// the find
argotorg/solidity
Solidity, the Smart Contract Programming Language
Solidity is the primary smart contract language for the Ethereum Virtual Machine — a statically-typed, curly-brace language that compiles to EVM bytecode. If you're writing contracts on Ethereum or any EVM-compatible chain, this is the compiler you're using. It's not a library or framework; it's the language itself.
The IR codegen pipeline (Yul as an intermediate representation) is architecturally sound — it separates high-level Solidity semantics from EVM-specific lowering, which makes optimizer passes cleaner and more testable. The SMT checker integration (`libsmtutil`) is a real differentiator: formal verification built into the compiler itself, not bolted on externally. The type system has gotten meaningfully better over time — user-defined value types, custom operators, and proper immutables reduce foot-guns that plagued earlier contract code. Documentation is genuinely good: the `bugs.json` machine-readable vulnerability ledger is the kind of thing most language projects skip entirely.
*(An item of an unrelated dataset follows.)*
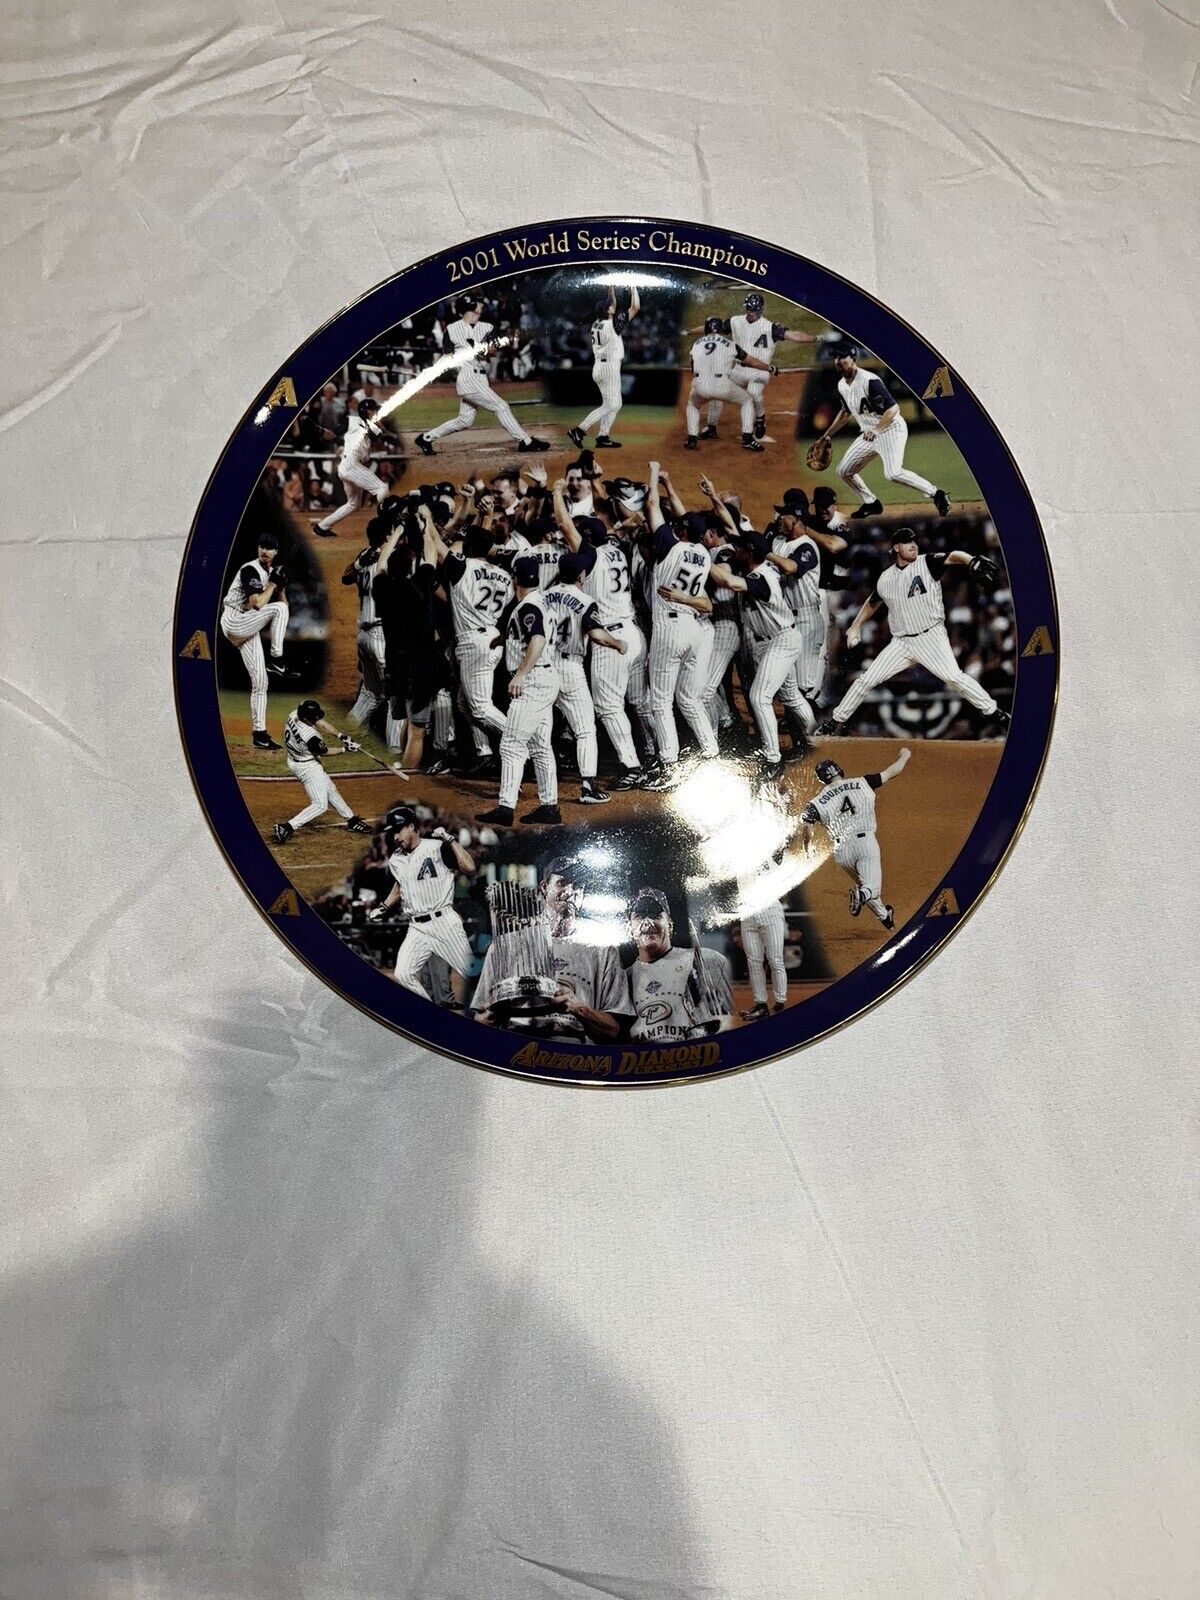 Arizona Diamondbacks 2001 world series collectors plate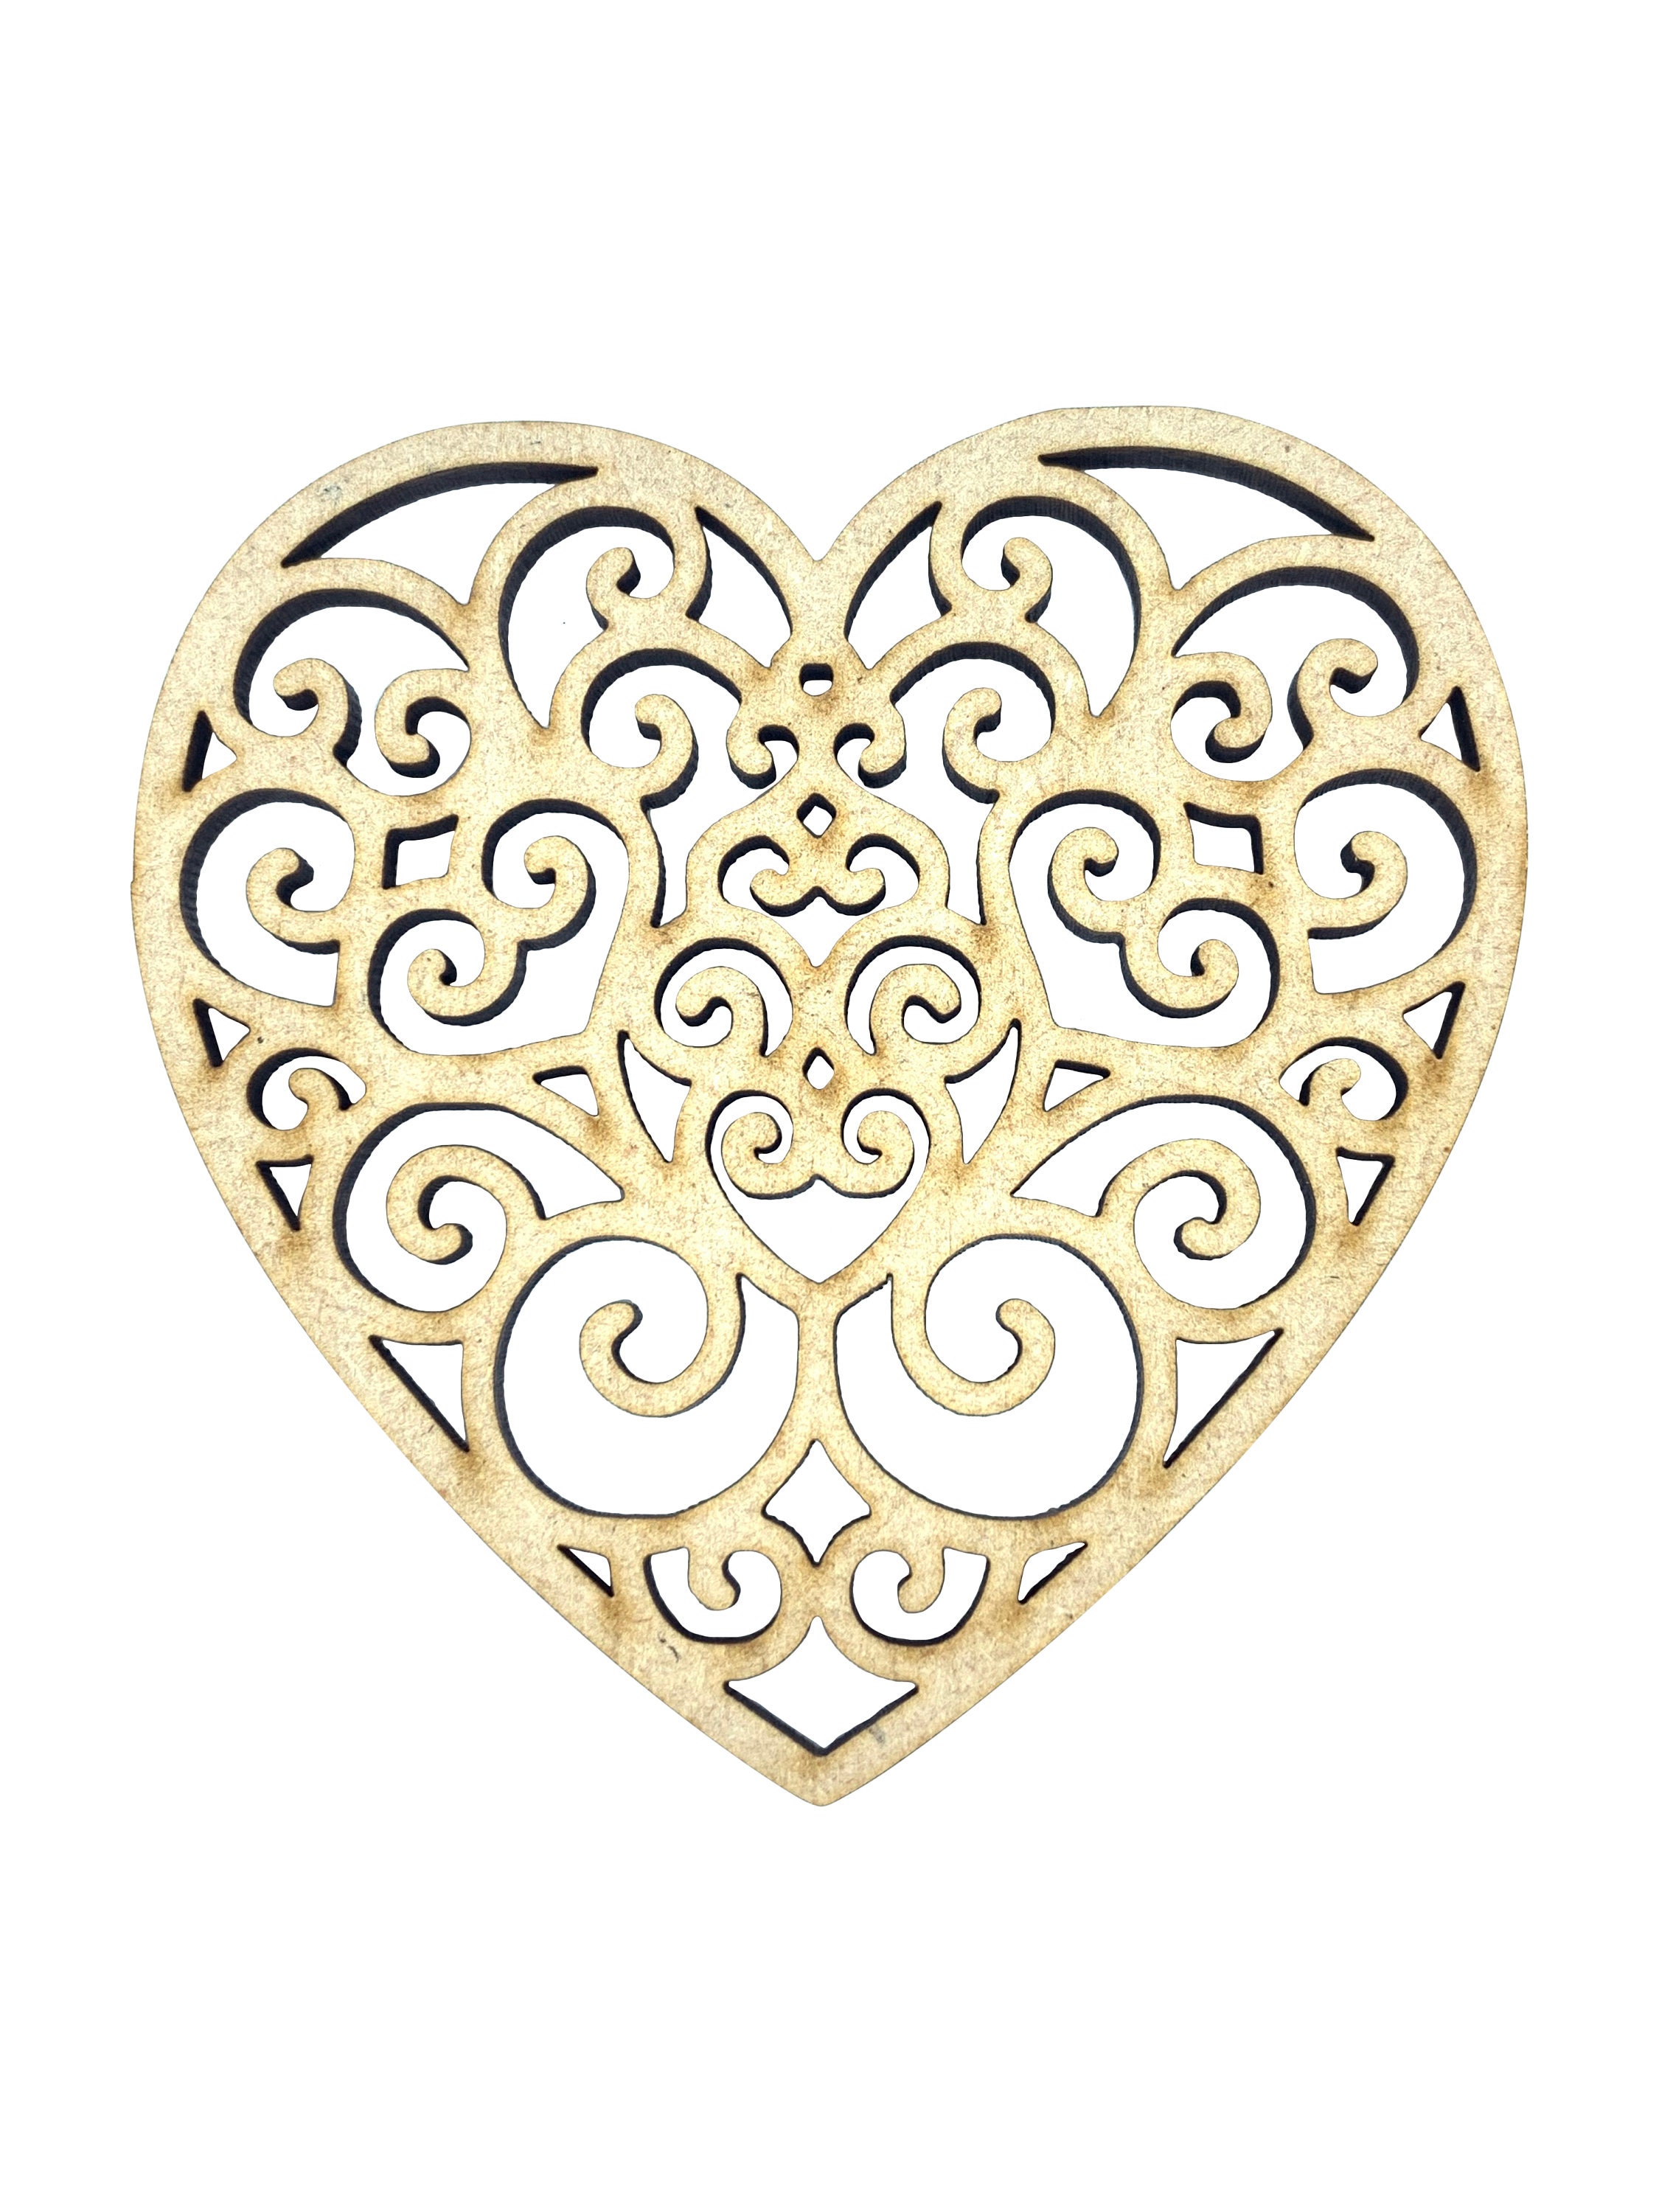 Wooden Hearts, Laser Cut Heart Decorations, Heart Confetti, Table  Decorations, Scatter Decoration, Craft Supplies

Still stuck on 0.x versioning despite being the dominant smart contract language for a decade — breaking changes ship regularly and every minor version bump can silently change ABI or bytecode, which is a serious operational problem for deployed contracts. Error messages have improved but remain worse than modern compilers; type errors involving complex inheritance hierarchies are still cryptic. The legacy `libevmasm` codegen path and the newer IR/Yul path coexist, creating two code paths to maintain and subtle behavioral differences that only show up in edge cases. No first-class package manager or standard library — the ecosystem depends entirely on third-party tools (Hardhat, Foundry) to fill gaps the language itself should own.